A classic test of the antiviral activity of a drug is based on the assessment of the effect on proliferation of viruses in a green African monkey kidney cell line Vero. In this experimental setup, amantadine inhibited SARS-CoV-2 replication with IC50 concentrations of 83 to 119 µM [18]. After systemic administration in humans, maximal amantadine levels are about 14.6 µM [7], therefore antiviral effects of the drug should not be expected. However, it may interfere with the development of a severe COVID-19 through mechanisms interfering with the development of uncontrolled inflammation, not detectable using the in vitro test on Vero cells. First, the drug at concentrations easily achievable, following intake of therapeutic doses is a potent agonist of S1R [15], thus in COVID-19 it may, similarly to fluvoxamine, counteract the development of uncontrolled inflammatory reaction.
The second important mechanism of amantadine’s therapeutic activity in COVID-19 may involve cathepsin L (CatL). This lysosomal enzyme is one of the proteases known to participate in the entry of SARS-CoV-2 to cells. Coronaviruses use spike glycoprotein (S) to bind their receptor, mediate membrane fusion and virus entry to target cells. Depending on virus strain and cell type, coronaviral S protein may be cleaved by one or several host proteases. A study by Ou et al. [42] indicated that CatL is engaged in the entry to cells equipped with human angiotensin converting enzyme 2 (hACE2) receptor. Importantly, in human lungs, CatL is expressed in bronchial epithelial cells and macrophages [9]. Zhao et al. [61] provided evidence for the crucial role of CatL in patients with COVID-19. These authors found that the level of this protein in the circulating blood was significantly higher in COVID-19 patients than in the healthy volunteers.
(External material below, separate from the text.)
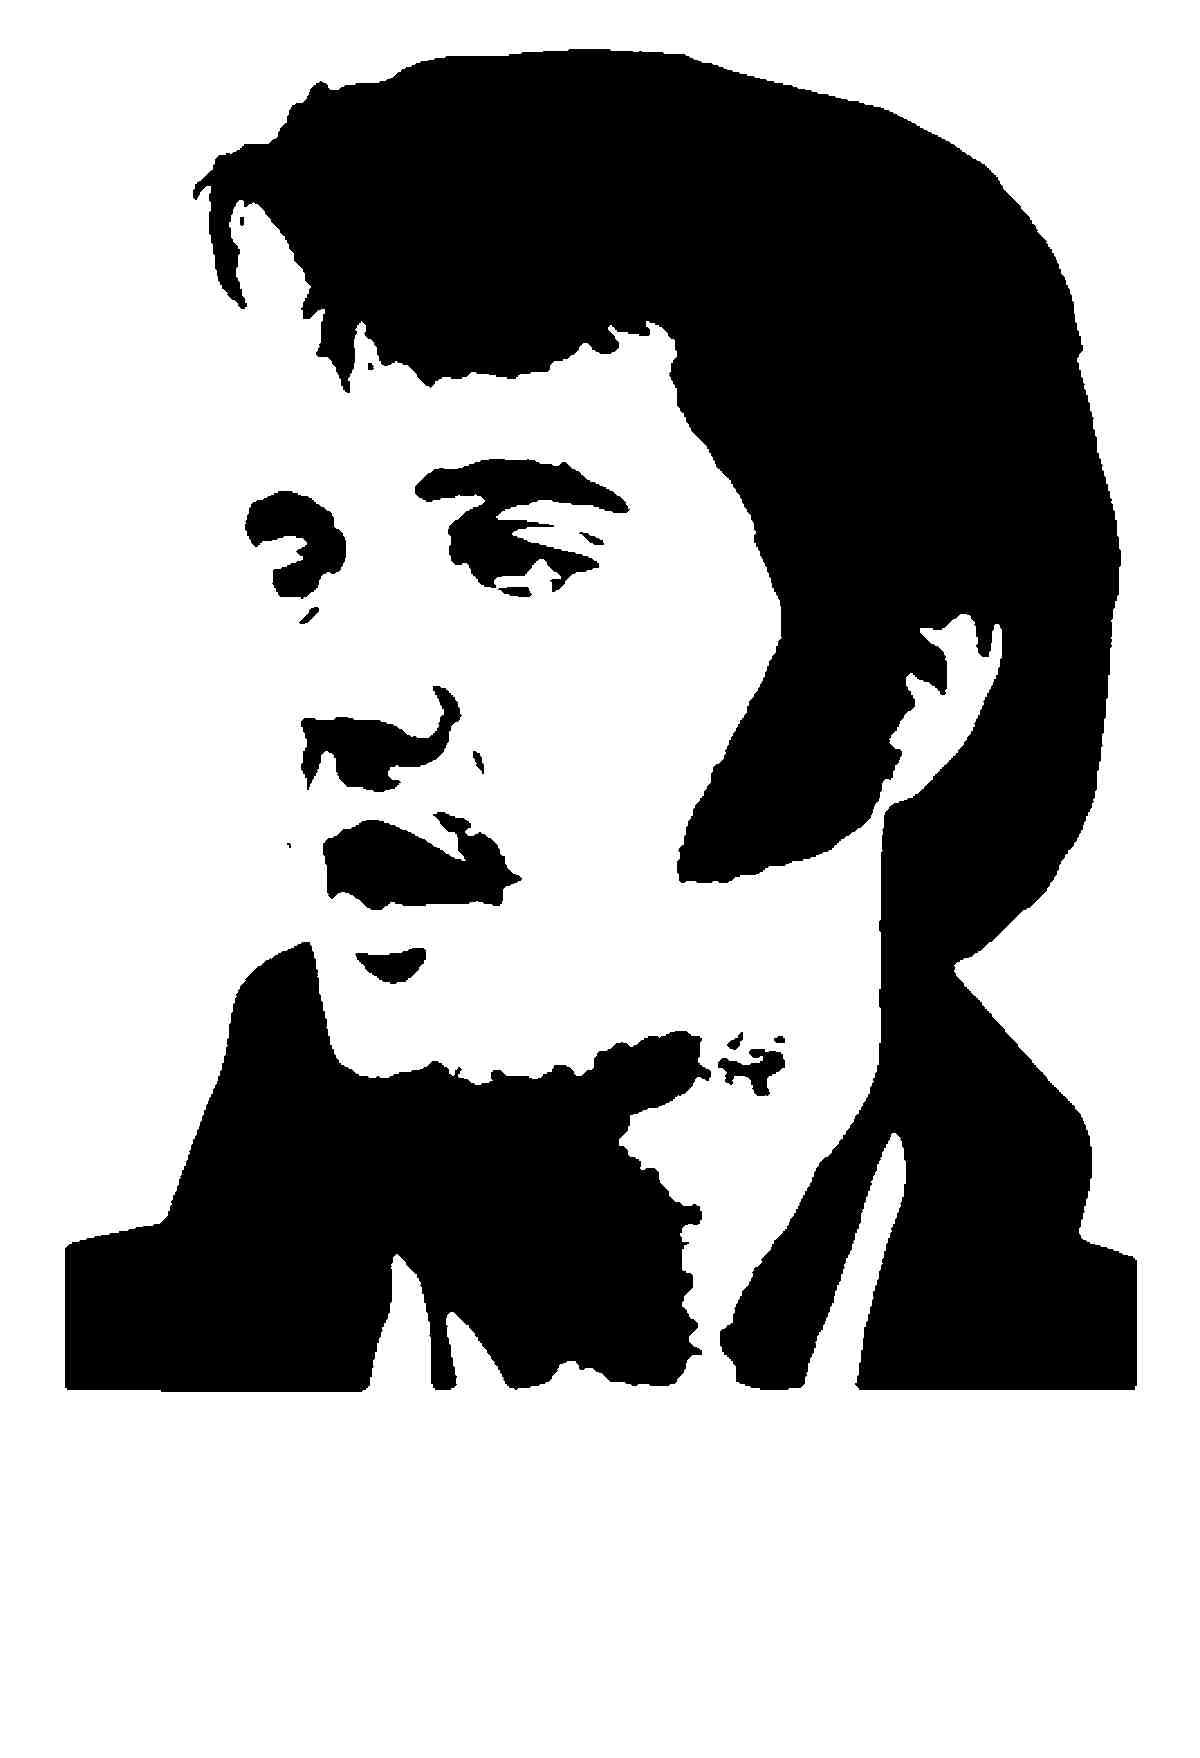 1200x1758 Fan Art Of Silhouette For Fans Of Elvis Presley. Clipart

The plasma levels of CatL were markedly higher in patients with severe disease compared to those with milder disease. Further, the elevated level of CatL was found in SARS-CoV-2 pseudovirus-infected cells in vitro. Moreover, when the authors investigated the effects of amantadine, they found that the drug inhibited CatL enzyme activity in cells subjected to SARS-CoV-2 pseudovirus infection and significantly inhibited SARS-CoV-2 entry to the cells, with little cytotoxicity. Finally, in the humanized mice infected with the pseudovirus amantadine decreased CatL expression. The authors concluded that amantadine may be a potent therapeutic drug for COVID-19, able to halt a vicious cycle in which enhancement of CatL expression triggered by viral infection takes place.
The aforementioned mechanisms could, indeed, explain alleged improvement of patients suffering from COVID-19 following amantadine intake. Needless to say, a prospective, controlled study is necessary to confirm such effect. Currently a placebo-controlled trial to assess amantadine efficacy for preventing progression of early COVID-19 toward pulmonary and hyper-inflammatory phase has been initiated in Poland (NCT04854759), and a similar trial is being set up in Denmark (NCT04894617).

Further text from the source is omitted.